Fraud costs the US health system a lot. As do wasteful spending and abuse of health services. In many organizations the process to detecting these are ad hoc, opportunistic, relying on tip offs, hunches and the curiosity and perseverance of investigators. While these are methods can be effective in isolated cases, they are manual, time consuming, and most importantly, likely missing many opportunities.
An automated fraud detection framework would enable more comprehensive and earlier detection, leading to proactive fraud prevention.
Such a framework would contain 6 components:
1 Data ingest engine
Collate multiple datasets, perform necessary normalization, transforms, and other ETL processes. Automate as many of these steps as possible.
Build in checks for data completeness, to reduce as much of the noise in data as possible.
2 Pattern structuring
This is the key step in the fraud detection pipeline. Construct patterns from data to enable outlier detection. These patterns should be built along different layers of the data structure, to enable detection of trends that lead to outliers.

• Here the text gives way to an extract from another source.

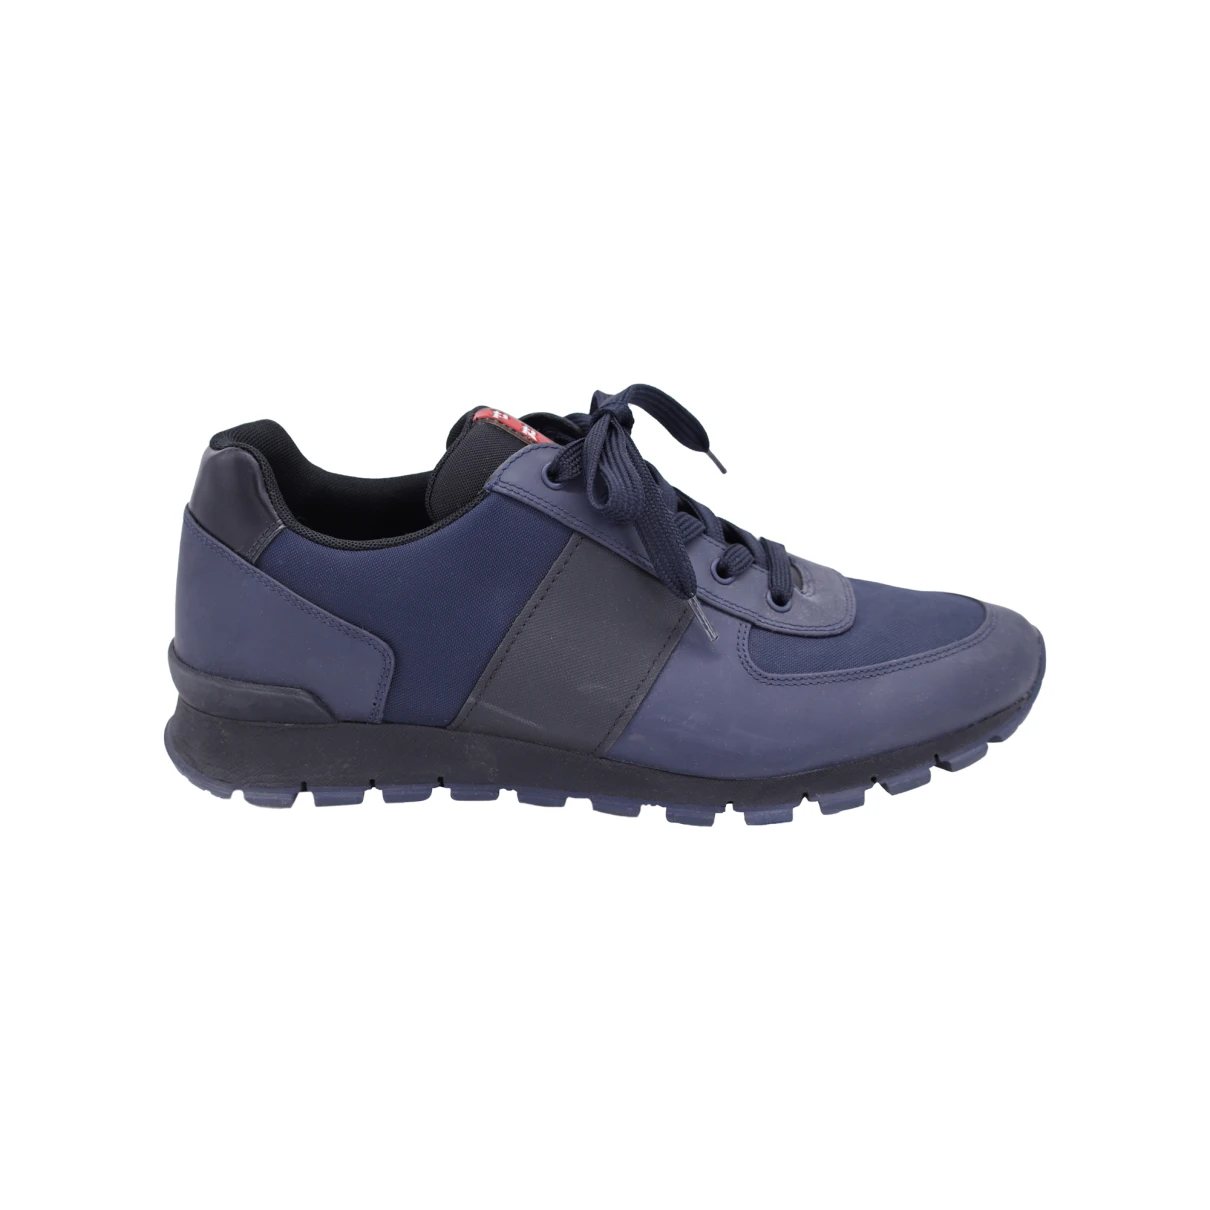 Pre-owned Prada Leather Low Trainers In Blue

The layers of data may include:
- Line level – you can detect for example duplicate lines, patterns that indicate claims are being submitted deliberately to fool your claims adjudication engine.
- Procedure, procedure cluster, drug level – identifying fast changing trends in claims for individual procedures or clusters of procedures is probably where you will find the most fraud prevention opportunities.
- Provider level – wherever you see major upticks in claims by individual provider or groups of providers, that should raise alarm bells, justifying a deeper analysis.
- Patient level – while patient level claims will almost always be sporadic, you can gauge fraud behavior like pill shopping only if your data was aggregated at the patient level.
- Temporal – in all the above patterns, you will need temporal segments, e.g. quarterly or half yearly, to derive the trends. Beware of seasonality when comparing intra year.
Metrics: in these layers above, create metrics that help you identify sources of uptick. Here is a formula that helps you see the picture.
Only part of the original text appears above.